TASK DETAILS. From the entries below, reproduce exactly the line containing "circle of PHILIP WILSON STEER (1860-1942)", the line containing "Large 19th Century", and every line in between, with nothing added.

MATERIAL FOR THE TASK.
⁂

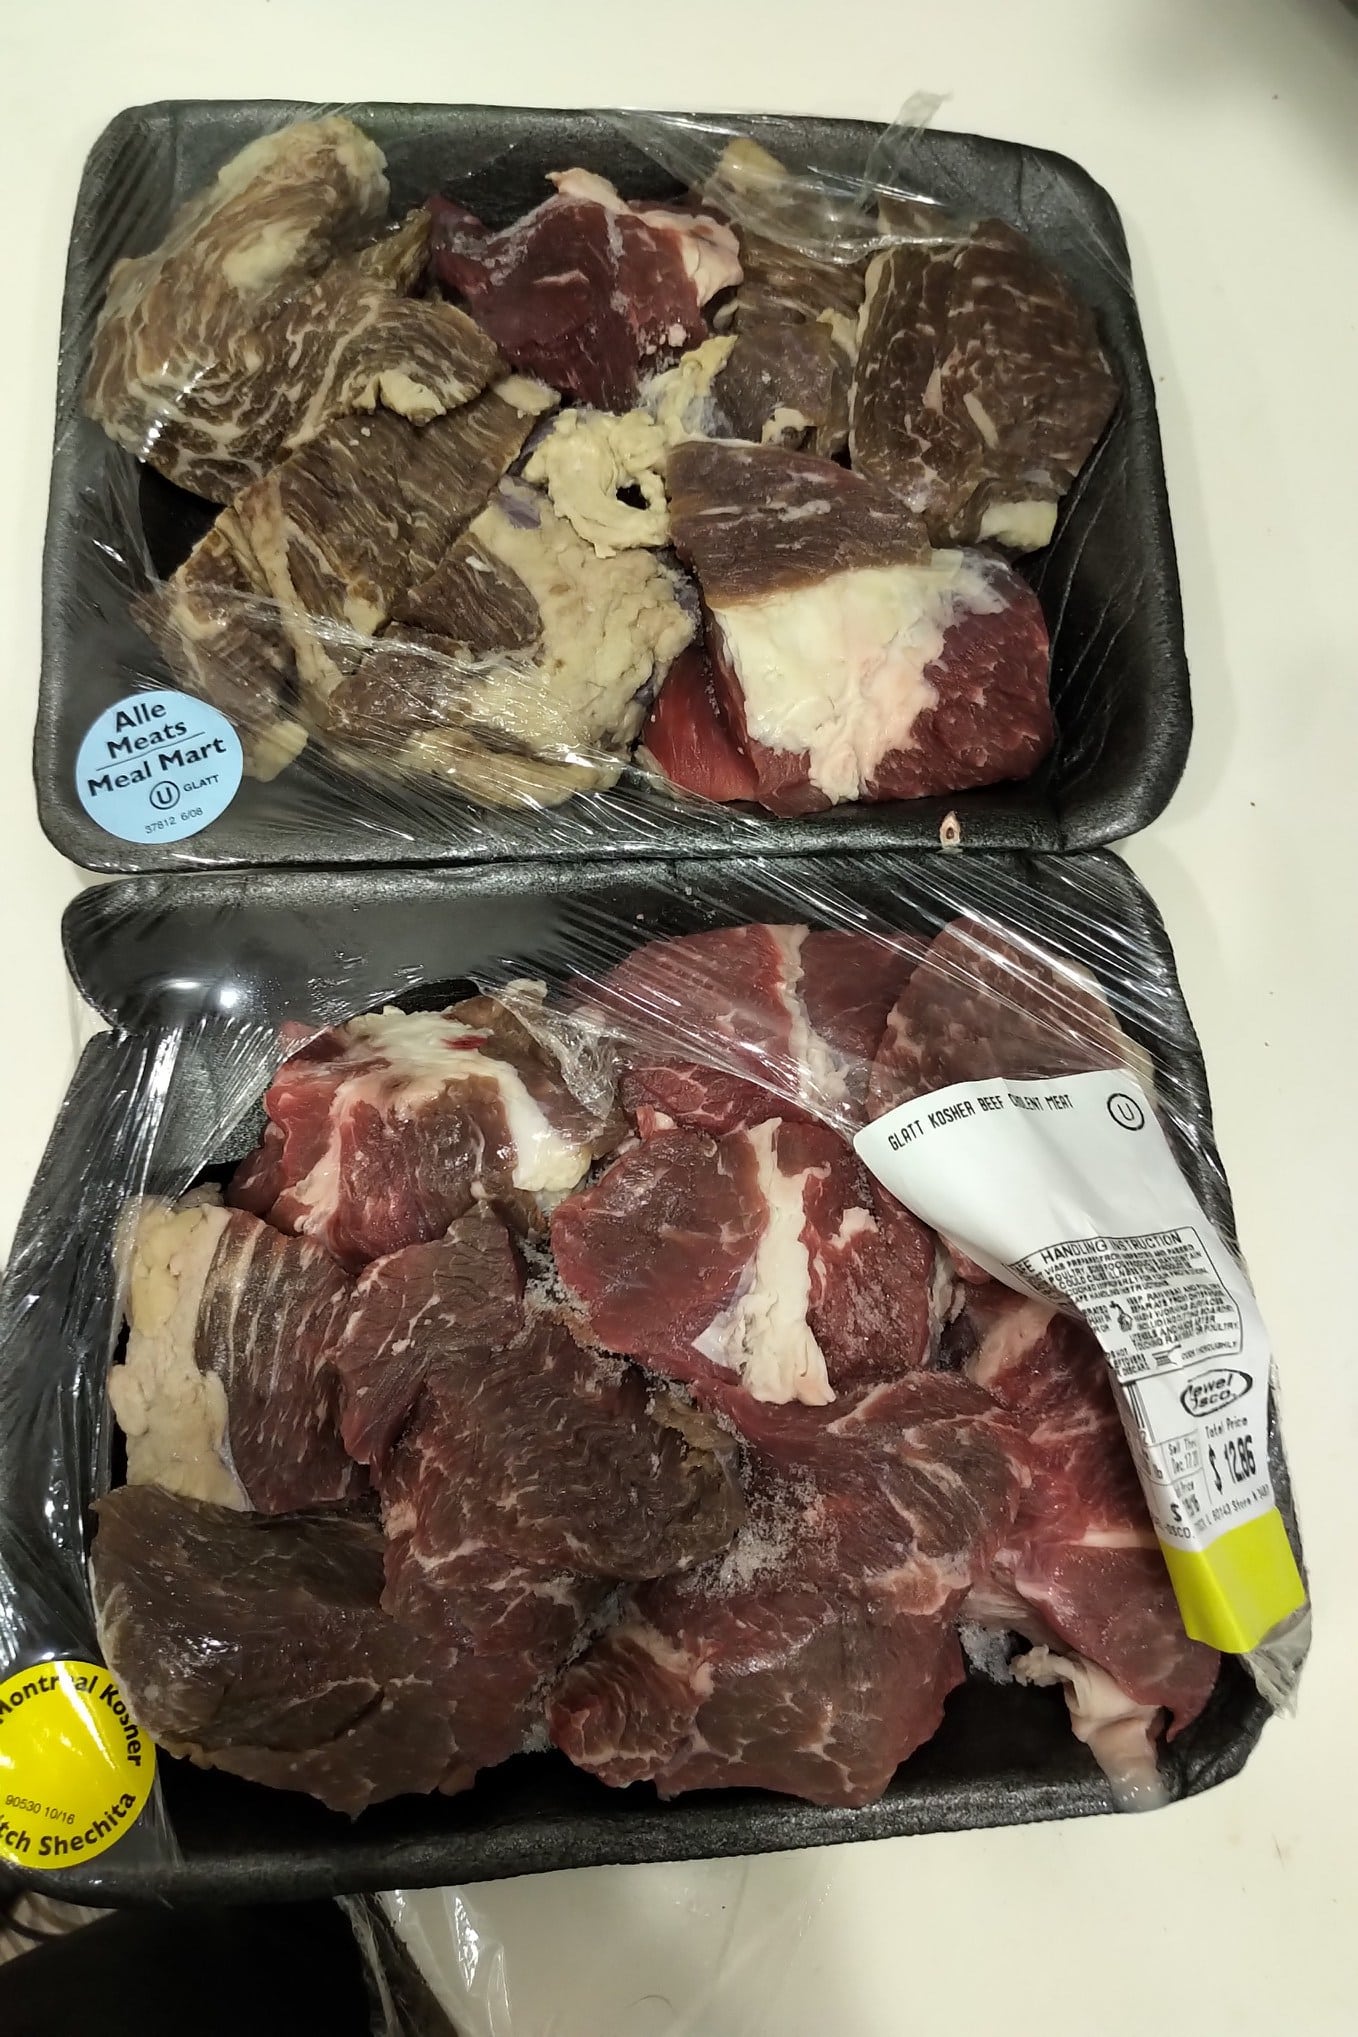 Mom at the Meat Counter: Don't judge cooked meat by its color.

⁂

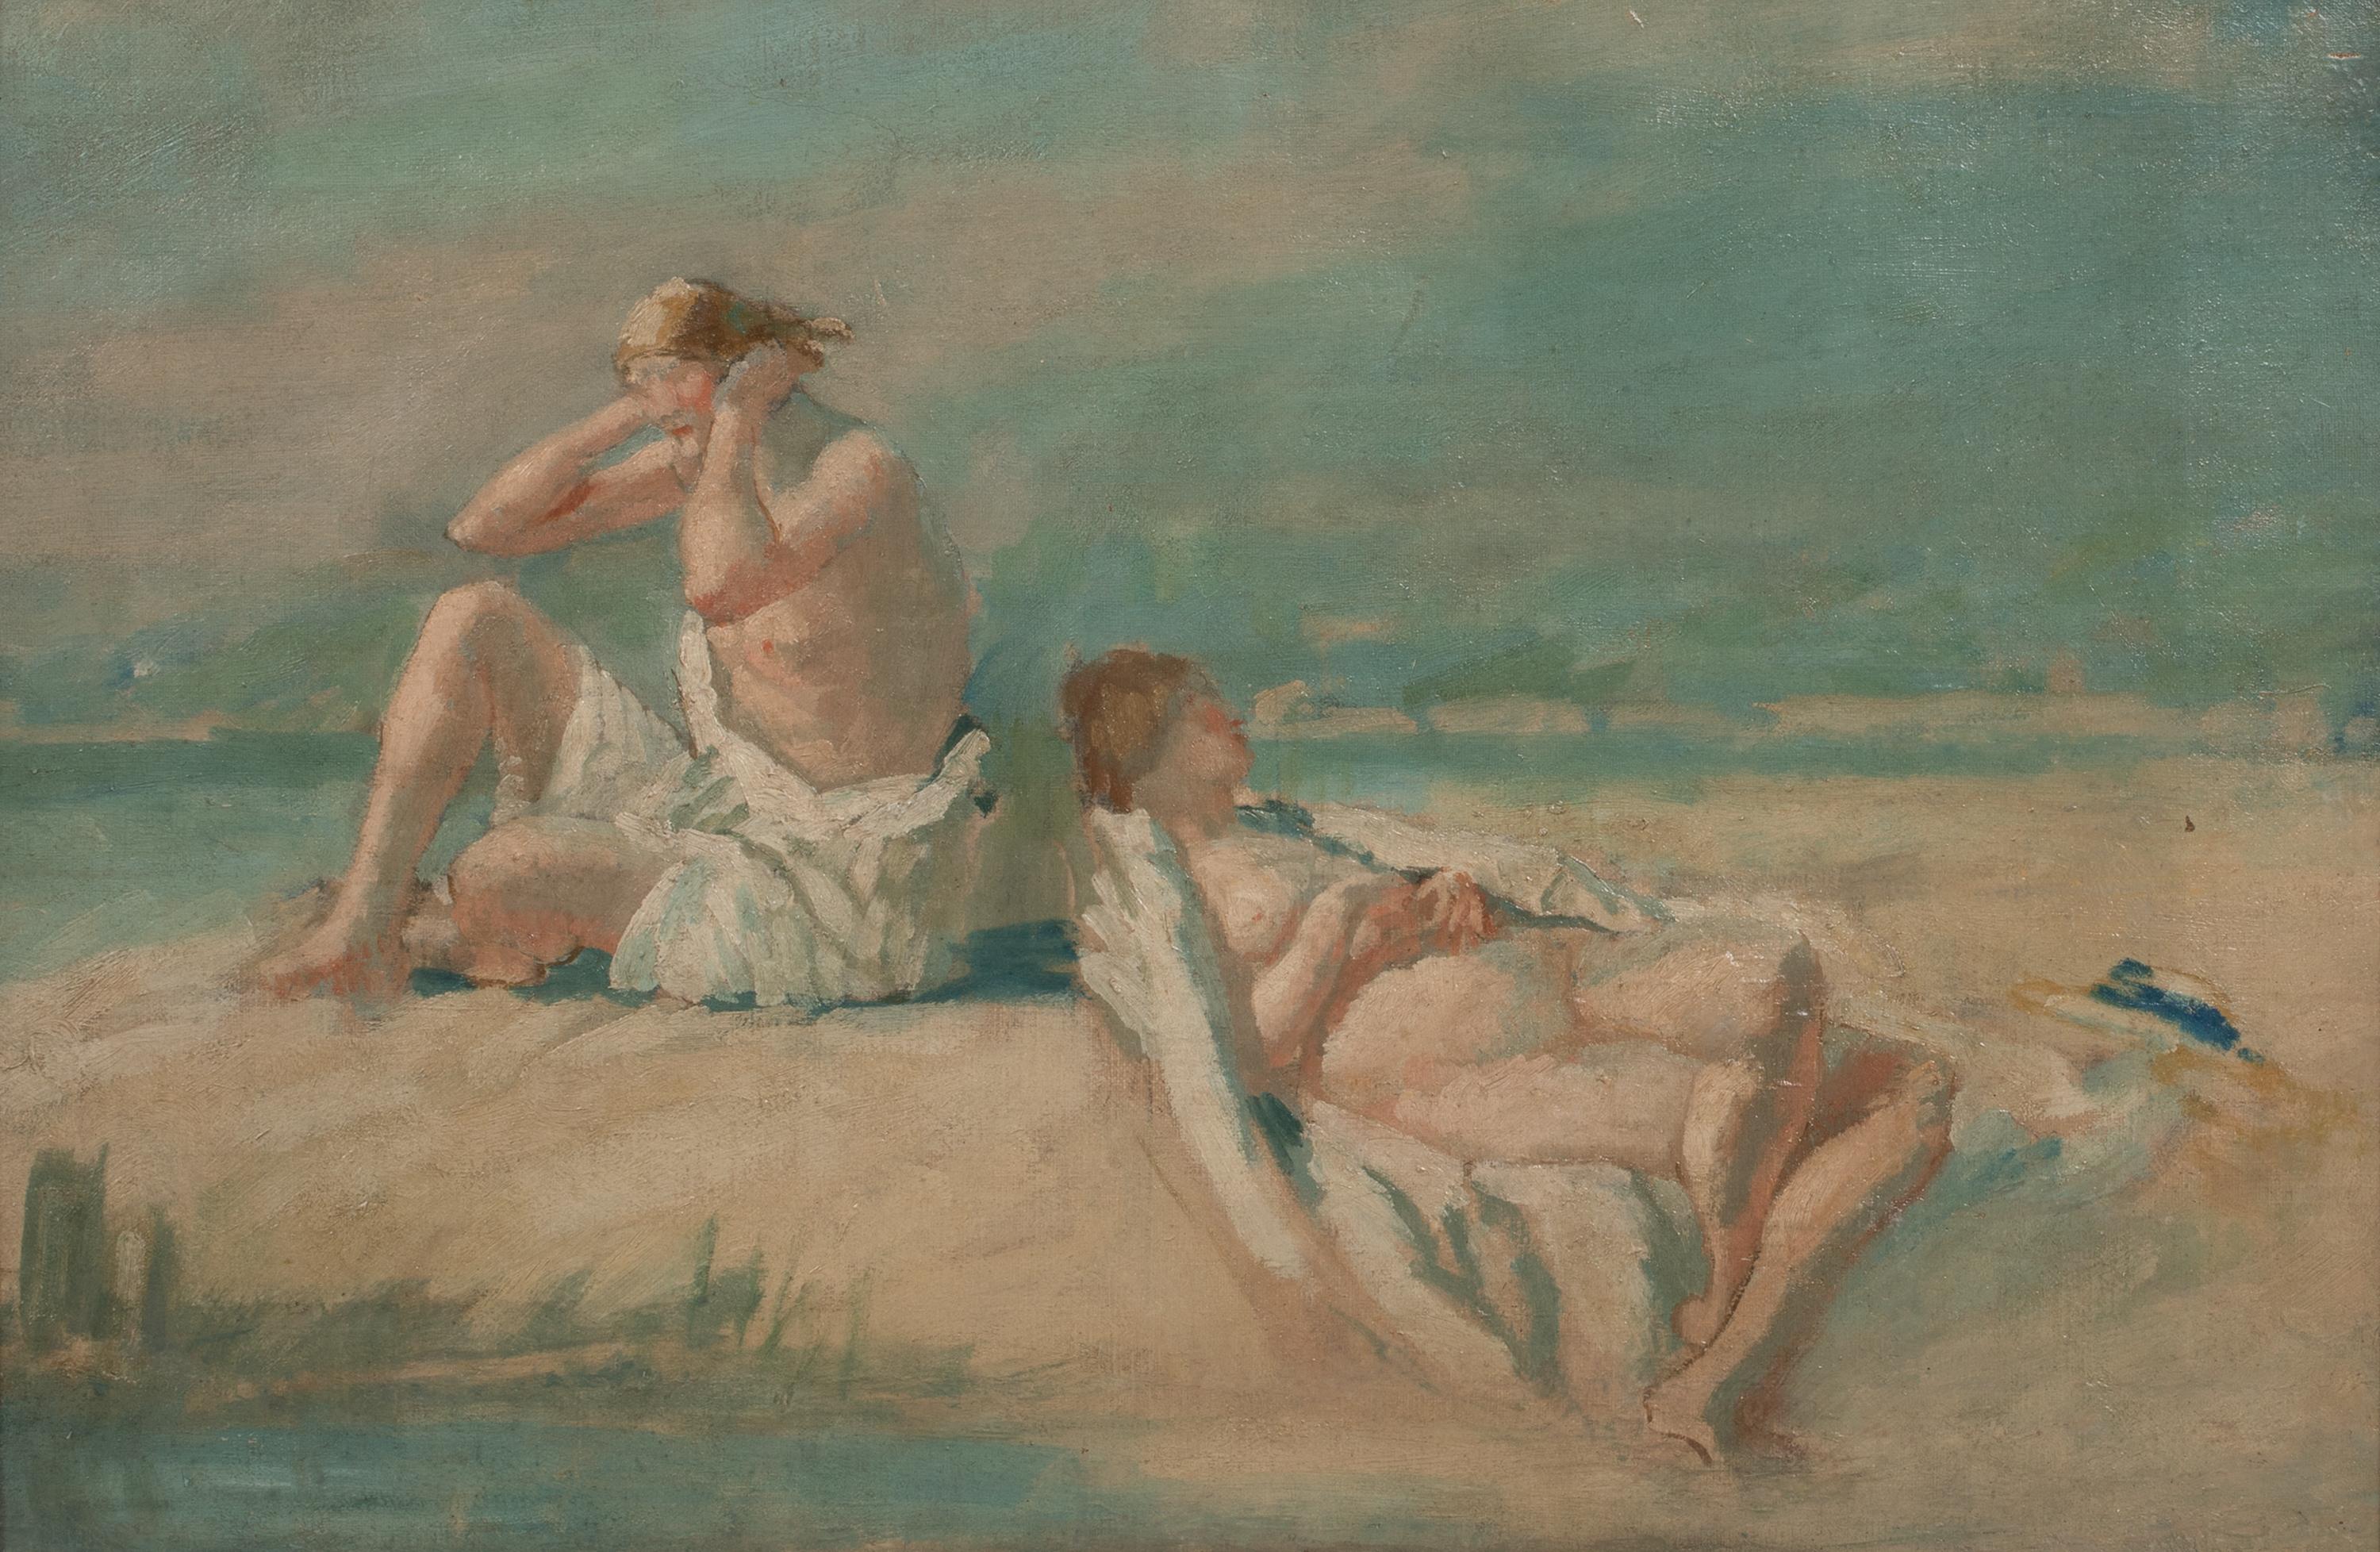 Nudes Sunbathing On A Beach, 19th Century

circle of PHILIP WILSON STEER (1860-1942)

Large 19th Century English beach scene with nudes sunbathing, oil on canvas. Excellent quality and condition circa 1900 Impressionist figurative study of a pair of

⁂

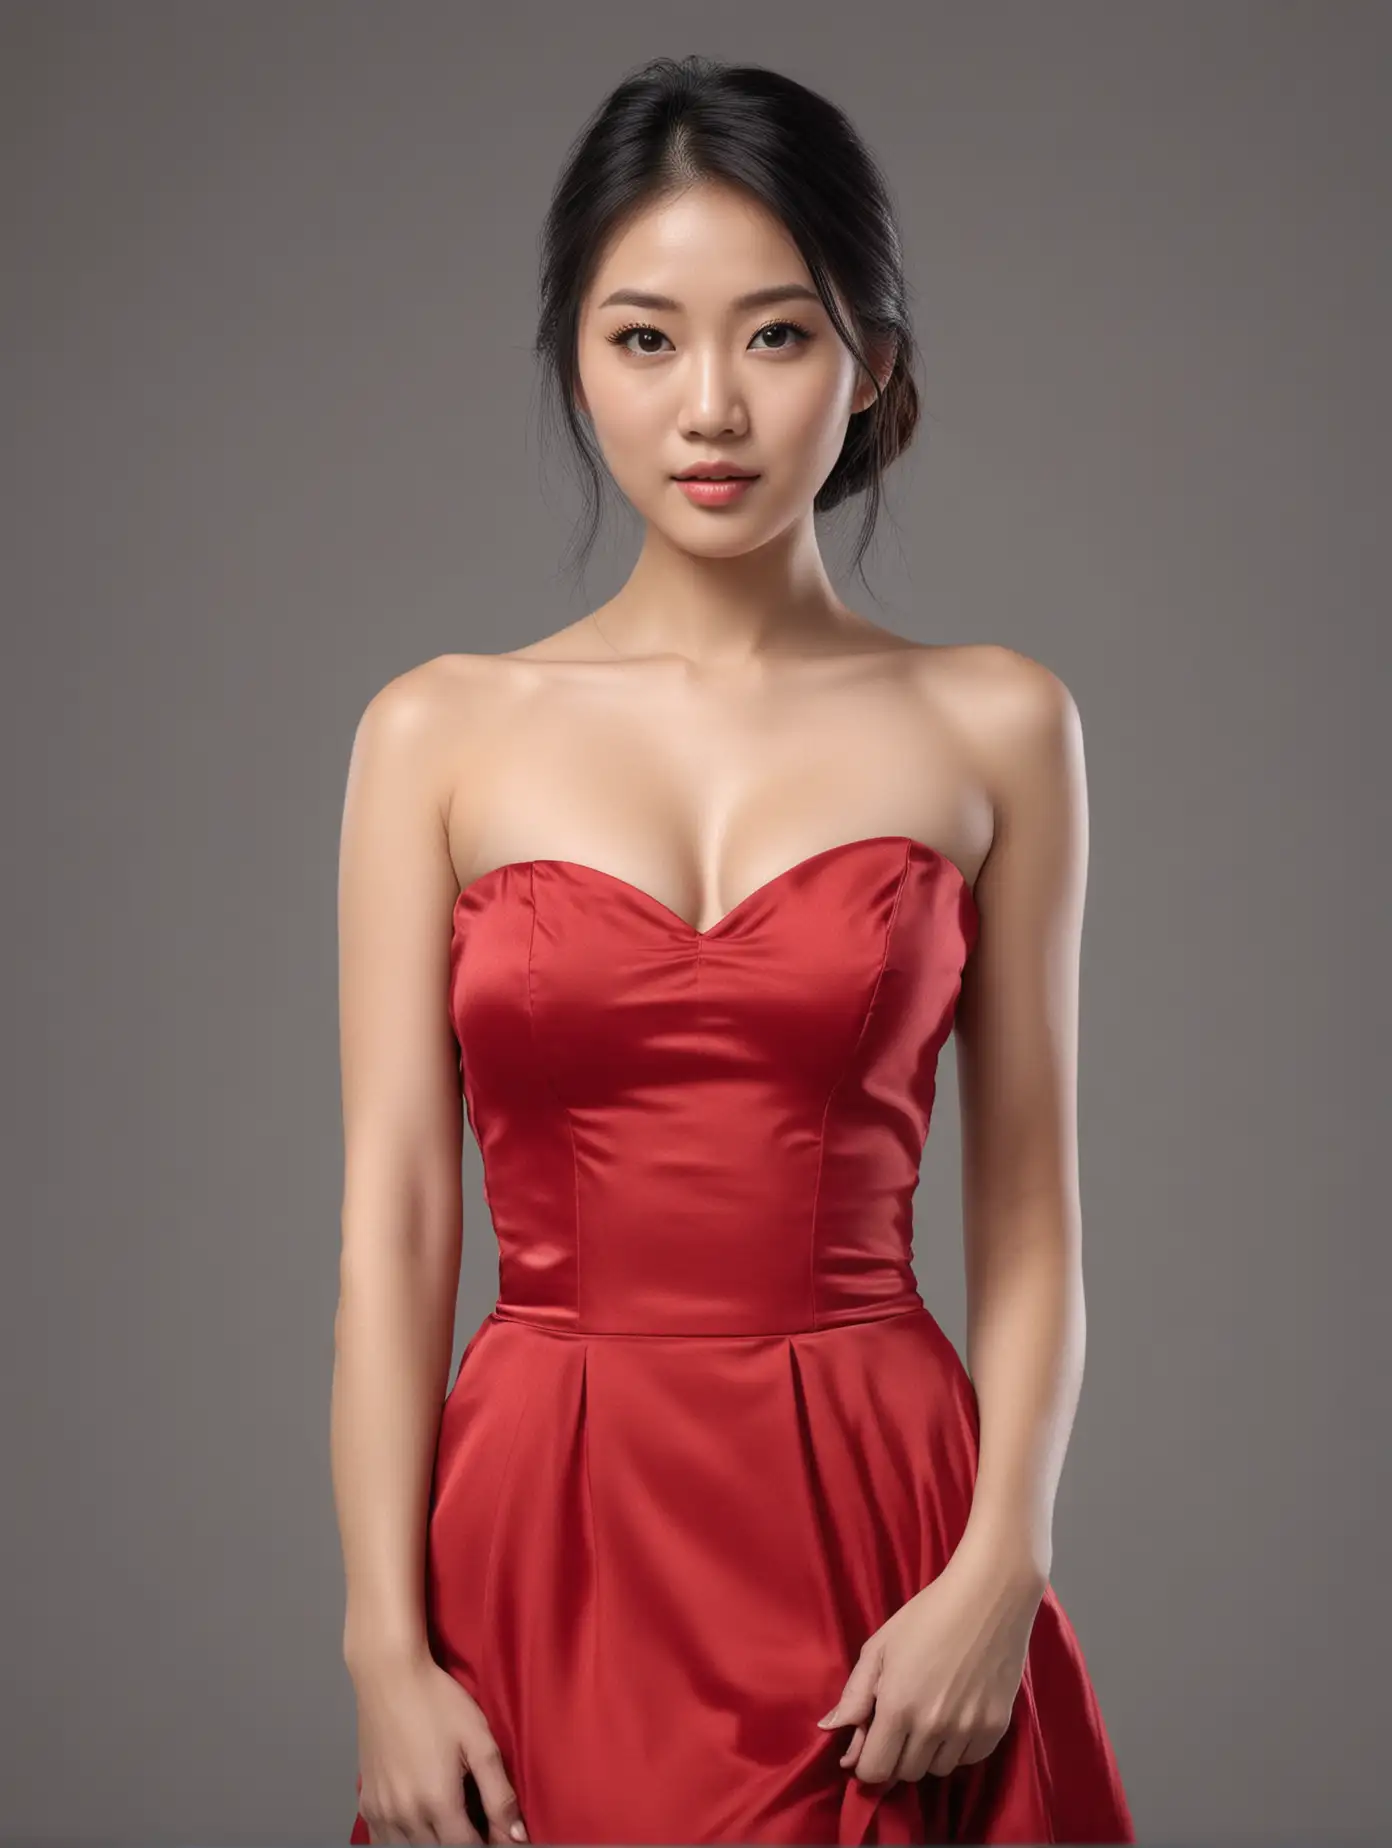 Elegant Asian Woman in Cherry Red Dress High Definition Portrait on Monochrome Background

⁂

YOUR SOLUTION.
circle of PHILIP WILSON STEER (1860-1942)

Large 19th Century English beach scene with nudes sunbathing, oil on canvas. Excellent quality and condition circa 1900 Impressionist figurative study of a pair of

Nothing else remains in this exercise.